Засмеялась Матреша. А Ирина, жена ее племянника, услыхав о моем желании взять доску, сказала:
— Я сейчас из сарая вам хорошую доску принесу. А я говорю:
— Мне надо доску с кроватки. На это Матреша сказала:
— Ну, ступай, сама выбери и возьми себе.
Я сходила в сарай, выбрала и взяла себе доску. В то время я была у Матреши не одна, а со своей знакомой женщиной из деревни Поповка Пелагией Ивановной, с которой мы часто ходили к Матреше вместе. Поля, мы так звали ее, попросила у Матреши и себе доску, но Матреша сказала:
— Нет, больше никому не дам.
Тогда Поля попросила у меня дать ей половину дощечки. Я обращаюсь к Матреше и говорю ей:
— Матреша, я ей не дам.
Матреша мне ничего не сказала на это. Я чувствую, что она недовольна мною и говорю:
— Я ей немножко дам.
Матреша и на это ничего не отвечает. Мне стало как-то скорбно, я поняла, что я великая грешница и недостойный человек. Но скоро мне стало очень легко и я весело с радостью сказала:
— Тогда я ей половину дам.
А Матреша почувствовала, что я сознала свою греховность, и сказала:
— Ну, вот так, Мария Ивановна, так! И я всегда так делаю,—дай уж ей половину.
Когда мы с Полей вернулись домой, то распилили дощечку пополам, и опилки пополам поделили. Что делала Поля со своей дощечкой, я не знаю, а ко мне на другой день пришла знакомая женщина, наша Касимовская, Елизавета Павловна Пивоварова, и говорит:
— Мария Ивановна, у меня так болят бока, что ничего делать не могу, доктора не помогают, а работать необходимо, жить надо. У тебя есть Матрешины вещи, помоги мне.
Я приложила к ее бокам принесенную от кроватки Матрешиной дощечку, она помолилась и почувствовала облегчение, а на другой день стала работать, как и прежде.
А Поля прогневала Матрешу тем, что попросила у меня дощечку. Матреша не любит, когда у нее просят, а дает сама, когда это нужно.
Мы с Полей вместе ходили к Матреше полтора года, а в дальнейшем Матреша запретила нам ходить к ней вместе. Она сказала мне:
— По одной ходите, каждому свое. Я, Мария Ивановна, никогда ничего ни у кого не просила, и ты ничего не проси, пусть кто сам чего даст.

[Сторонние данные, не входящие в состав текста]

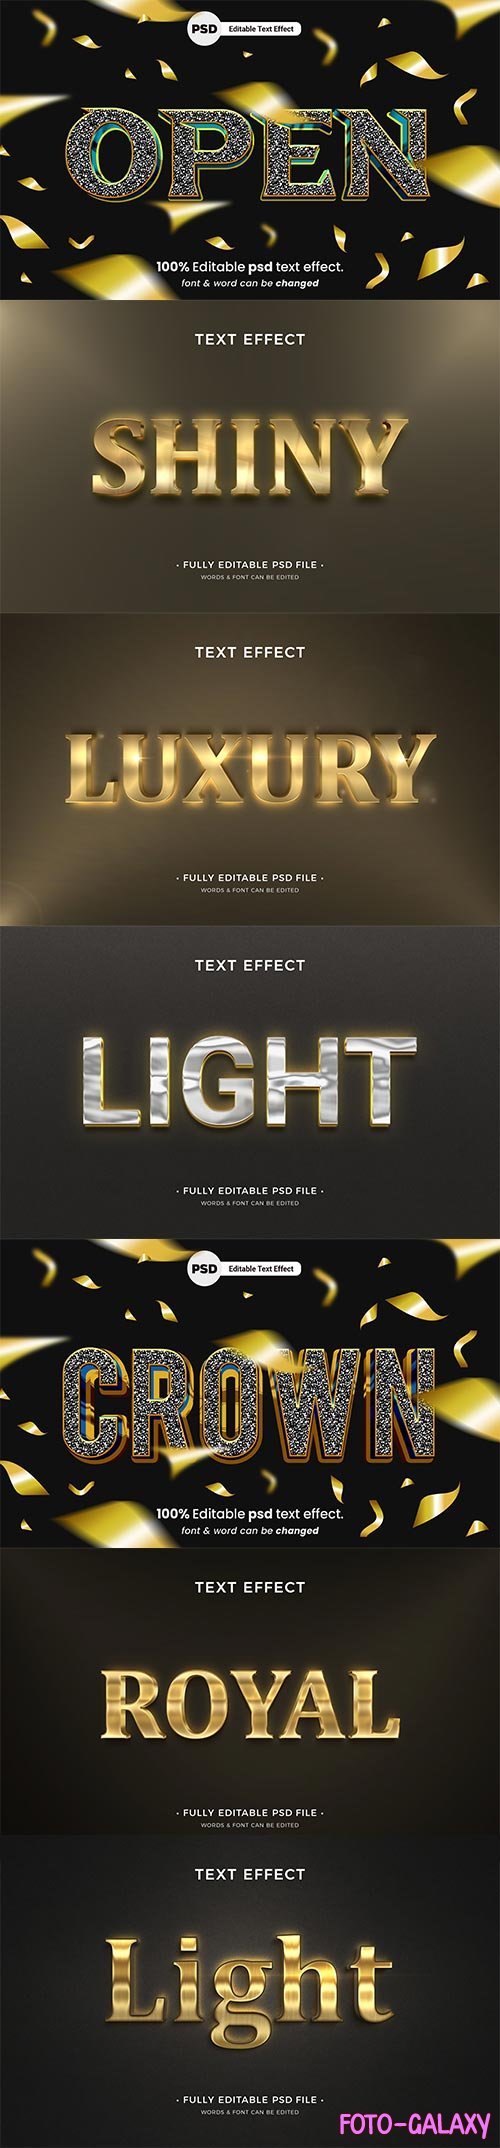 Psd text effect set vol 651
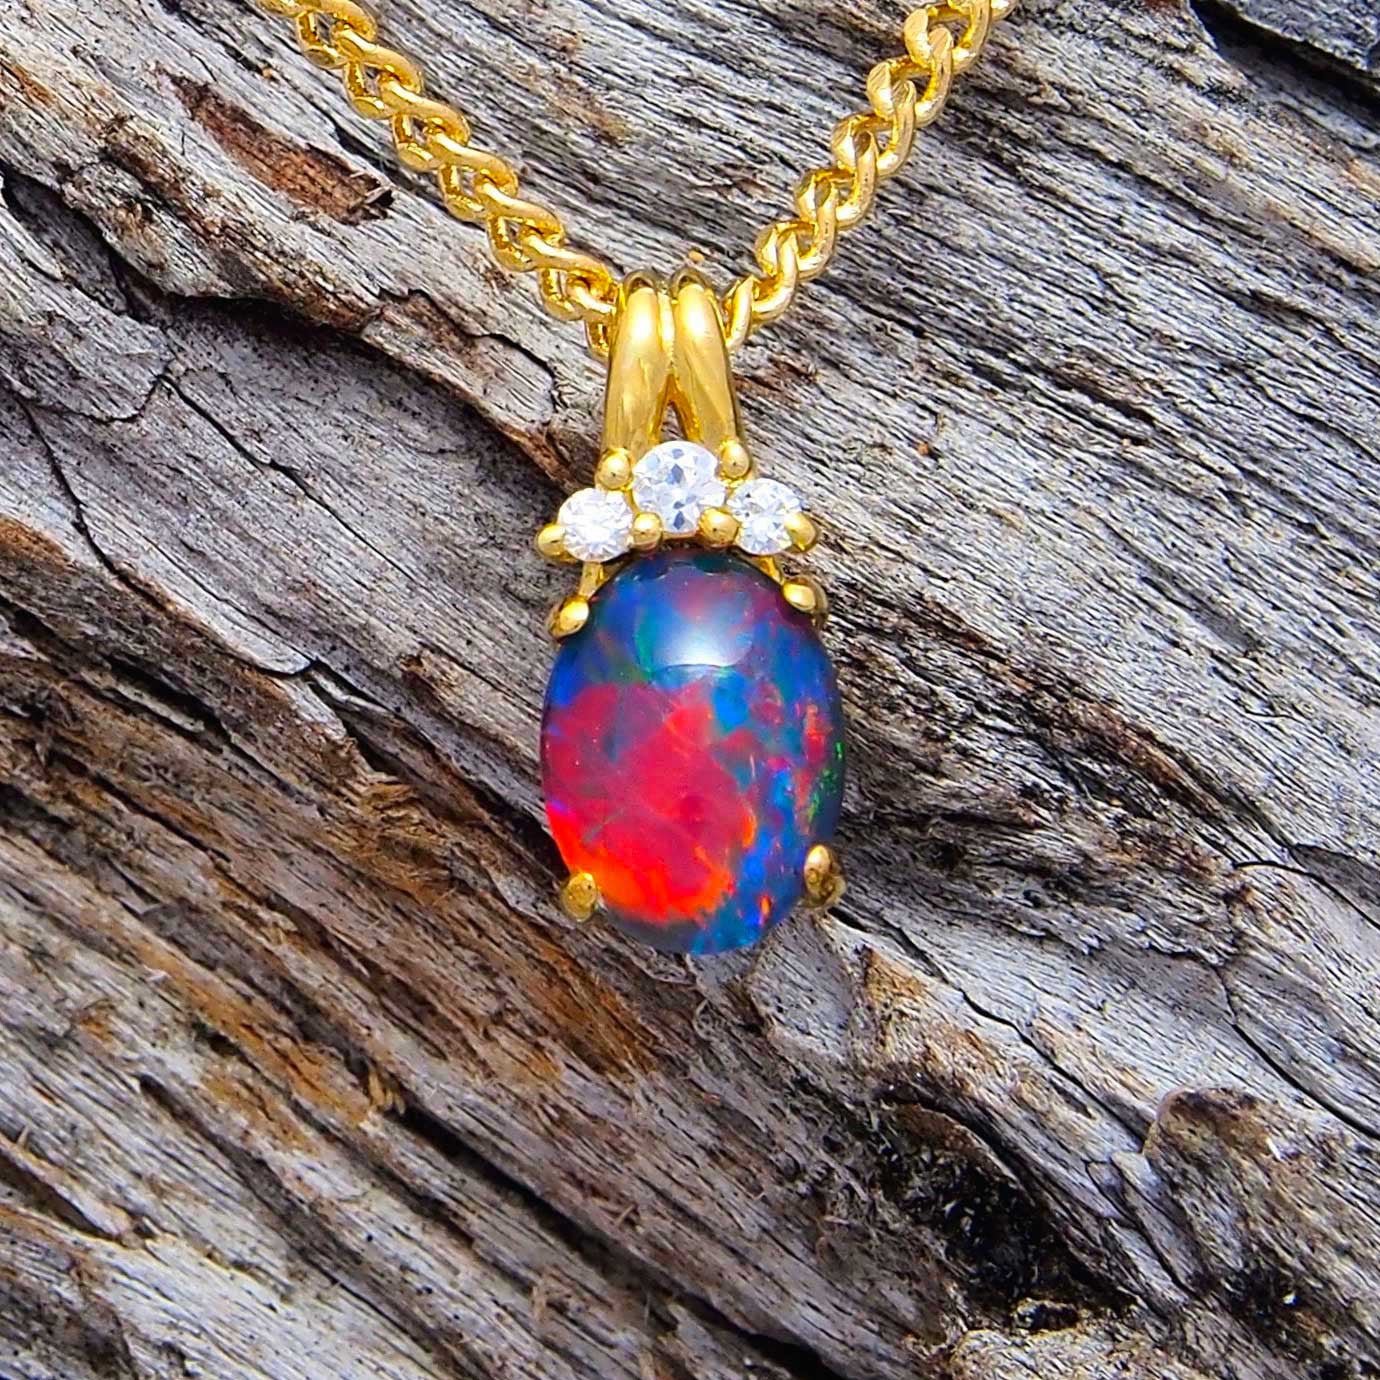 Crown' Australian Opal Pendant - Black Star Opal

— Была я однажды у Матреши,— рассказывает далее Мария Ивановна,— в то же время было у нее несколько монахинь, с которыми она очень ласково разговаривала. Одна из монахинь сказала, что хорошо было бы им вместе сфотографироваться. Матреша поддержала это пожелание. Когда ушли монахини, я попросила у Матреши разрешение снять ее. Матреша изъявила на это свое согласие и сказала:
— Ведь это не грешно, преподобные все сняты на память. И мне можно.
Прихожу я от Матреши домой, а мне и говорят, что меня ищет какой-то фотограф. Скоро действительно явился человек, который назвал себя Василием Владимировичем Фотьяновым. Сказал, что он фотограф, что только что приехал из Рязани и обратился ко мне с просьбой посодействовать ему, чтобы поехать с ним в Анемнясево сфотографировать Матрешу.
Это совершенно неожиданное появление фотографа поразило меня, и мы на другой же день поехали с ним в Анемнясево. Ехали мы со страхом, думали, что не примет нас Матреша, но она приняла нас очень ласково и тут же согласилась сняться. Снимать было очень неудобно: маленькая комнатка и недостаток света. Фотограф сомневался, что получится снимок, но и здесь как будто были чудеса. Когда он ее снимал, я смотрела на ящик аппарата, и на нем были видимы мне лики святых.
Когда Матреша была сфотографирована, я сказала ей:
— Матреша, да ведь он не тебя снимал, ведь на ящике-то было очень много ликов святых, я видела.
— Ну, вот и хорошо,— ответила мне на это Матреша.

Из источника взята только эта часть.